Em agosto passado, o governador de Minas Gerais, Romeu Zema (Novo), disse em entrevista ao Estadão que o Cosud deveria defender os interesses dos Estados do Sul e do Sudeste na reforma tributária, em contraposição ao Norte e ao Nordeste. “Dada a resiliência do conflito político no Brasil, é bem possível que isso (divisão geográfica) permaneça (nos próximos anos)”, diz Rafael Cortez.
Reportagem recente do Estadão mostrou que as nomeações dos ministros André Fufuca (Esportes) e Silvio Costa Filho (Portos e Aeroportos) contribuiu pouco para trazer votos das bancadas dos partidos deles para o governo – um resultado um pouco melhor foi conseguido no União Brasil, com a troca de Daniela Carneiro por Celso Sabino (Turismo). Fatores como o aumento das emendas parlamentares nos últimos anos corroeram o valor dos ministérios como moeda de troca entre Executivo e Legislativo, segundo especialistas.

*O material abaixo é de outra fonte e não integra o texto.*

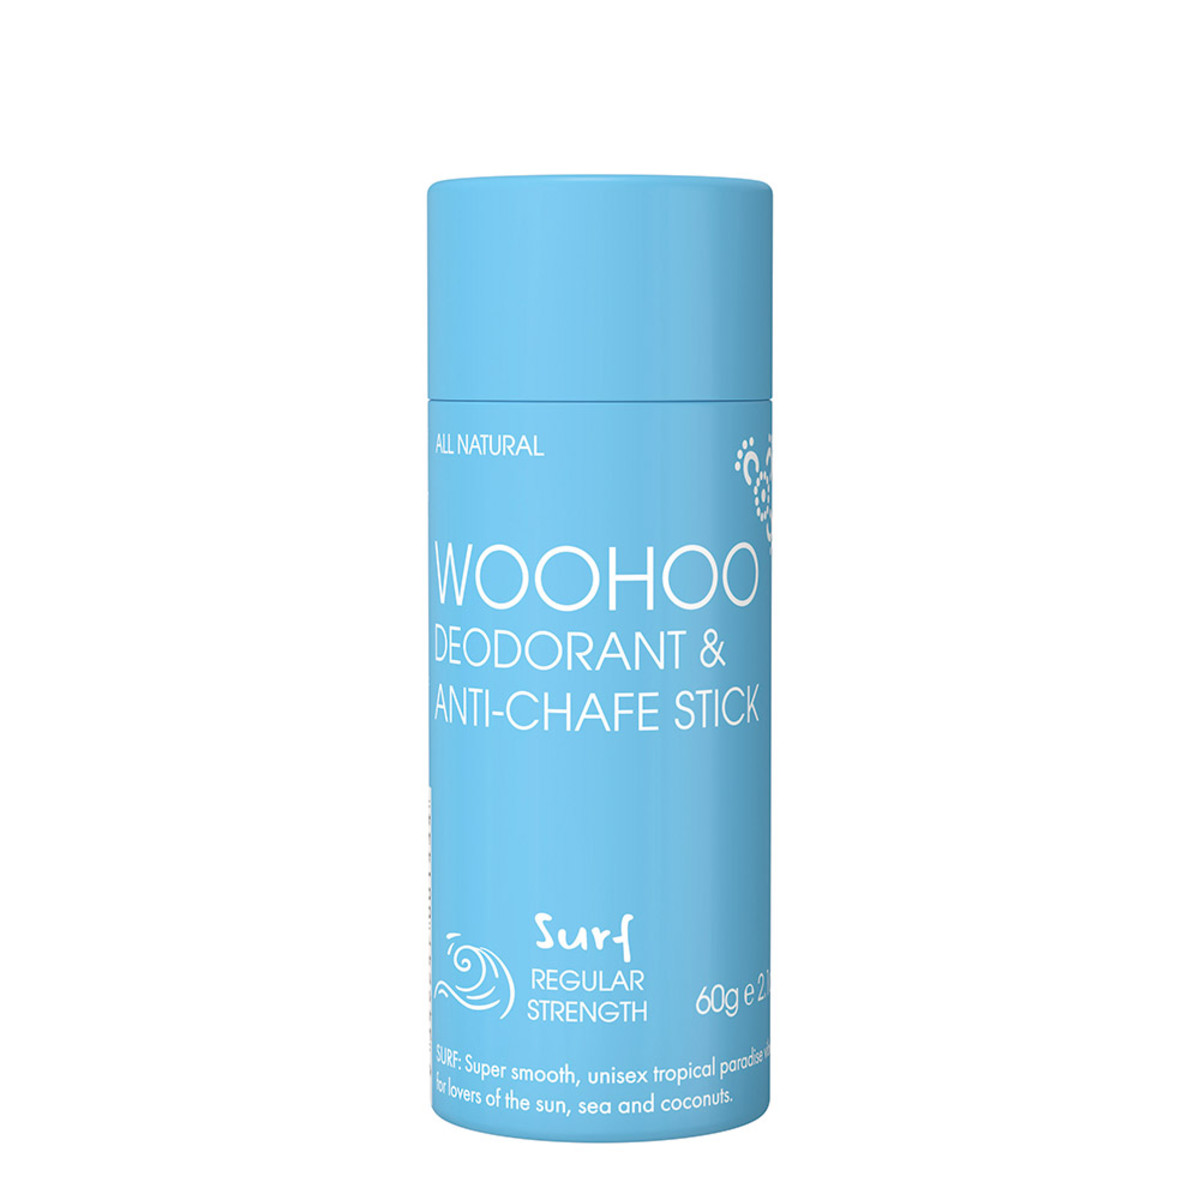 Woohoo Deodorant & Anti-Chafe Stick Surf 60g

As informações desta reportagem foram compiladas a partir da estrutura de Dados Abertos da Câmara. Foram consideradas algumas centenas de votações nominais no Plenário da Casa, nas quais houve orientação do líder do governo, o deputado José Guimarães (PT-CE). Este tipo de levantamento é útil para proporcionar uma visão geral sobre o comportamento de bancadas, Estados e deputados individuais. É usado rotineiramente por consultores, lobistas, partidos e pelo próprio governo, mas possui a limitação de equiparar votações cruciais com outras menos importantes.